Liver transplantation is the definitive therapy for patients with advanced liver disease and its complications. Patients who are transplanted with a diagnosis of hepatocellular carcinoma (HCC) are at risk of recurrent cancer, and these patients are monitored on a regular basis for recurrence. In contrast, de novo HCC following liver transplantation is a very rare complication, and recipients without HCC at the time of transplantation are not screened. We describe the clinical features of de novo HCC over a decade after achieving a sustained viral response with treatment of hepatitis C and two decades after liver transplantation. Our case highlights the necessity of screening for HCC in the post-transplant patient with advanced liver disease even after viral clearance.

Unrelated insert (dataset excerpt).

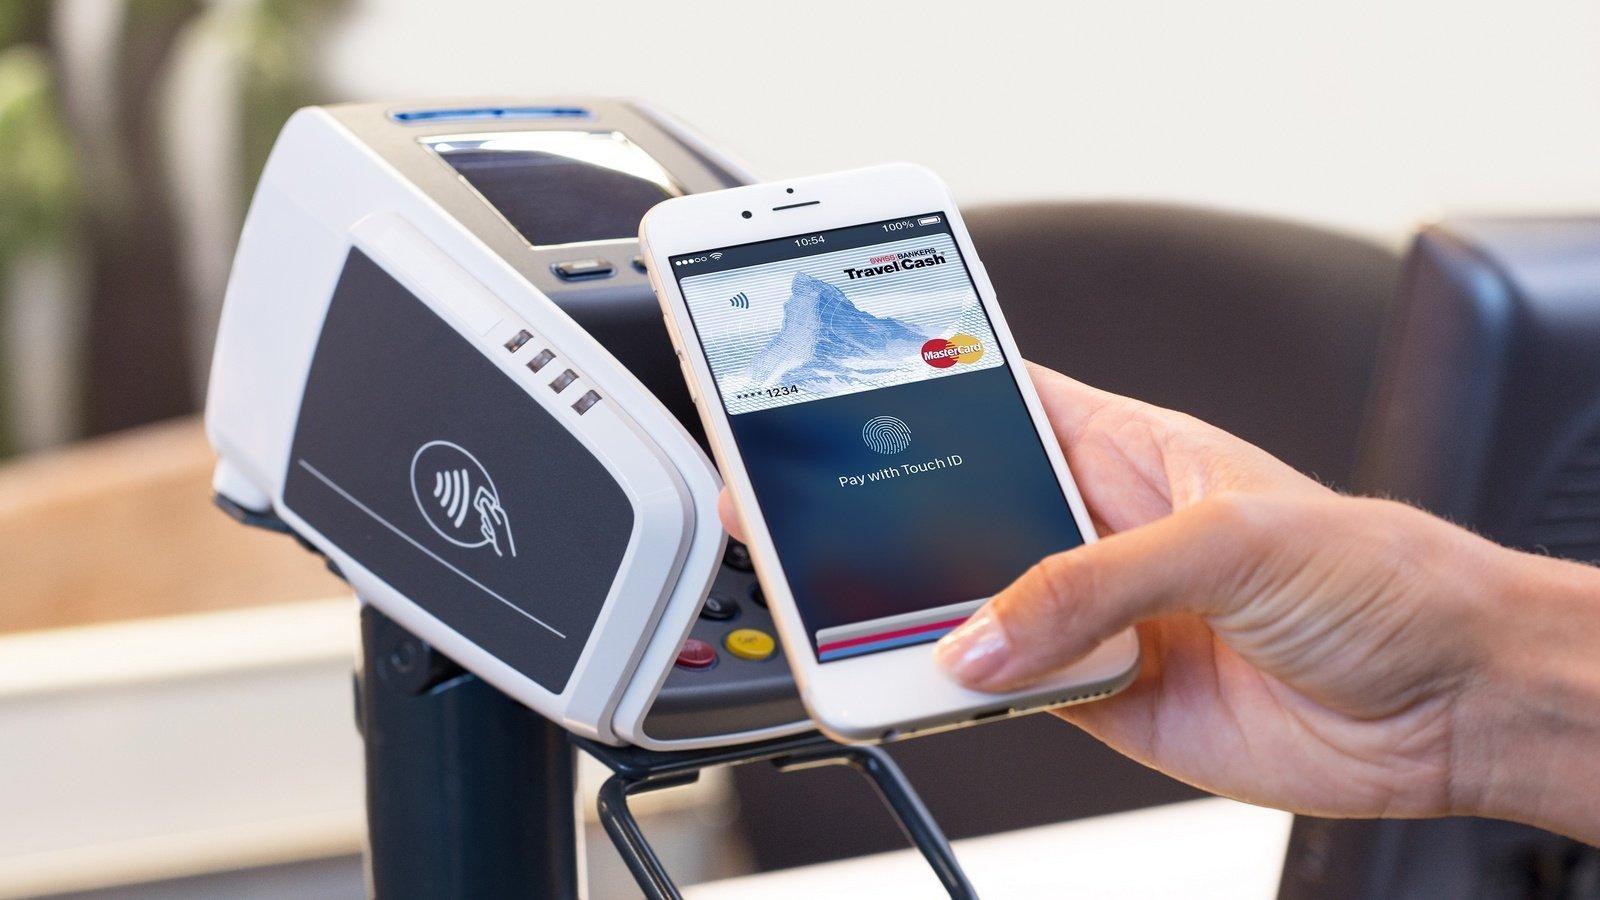 как пользоваться apple pay на iphone 7

De novo hepatocellular carcinoma, Liver transplantation


Hepatocellular carcinoma (HCC) is an important indication for liver transplantation.1 The risk of recurrent HCC depends on a number of factors, such as tumor burden, grade, and vascular invasion. Recipients transplanted for HCC are frequently surveyed for recurrent cancer.2,3 Liver transplant recipients are also screened for a number of de novo malignancies.4De novo malignancies in liver transplant recipients are believed to be related to duration and intensity of immunosuppressive therapy.5De novo HCC in liver transplant recipients and HCC recurrence after liver resection occur predominantly in the liver, whereas recurrent HCC occurs extra-hepatically.6De novo HCC refers to the development of HCC in a liver transplant recipient without a history of HCC.7

De novo HCC is an uncommon complication in liver transplant recipients.8–15 Although screening guidelines exist for a variety of malignancies in liver transplant recipients, no recommendations exist for screening of de novo HCC. We report a woman who developed de novo HCC over two decades after her initial liver transplantation.

Case report

The patient is a 47-year-old woman from Kuwait who underwent initial orthotopic liver transplantation (OLT) in the United Kingdom (UK) in 1989 for hepatitis C virus (HCV)-related cirrhosis. Post-OLT, she had a complicated medical course, including prolonged ventilatory failure with development of tracheoesophageal fistula and tracheal stenosis. She also required a colectomy and ileostomy for ulcerative colitis. Her course was also complicated by the need for multiple biliary tract dilatation and stent placement for biliary anastomotic strictures. She achieved a sustained viral response with interferon and ribavirin after a histological diagnosis was made of bridging fibrosis. She was followed regularly with laboratory tests. Because there was no evidence of malignancy on the explant, surveillance imaging was not performed.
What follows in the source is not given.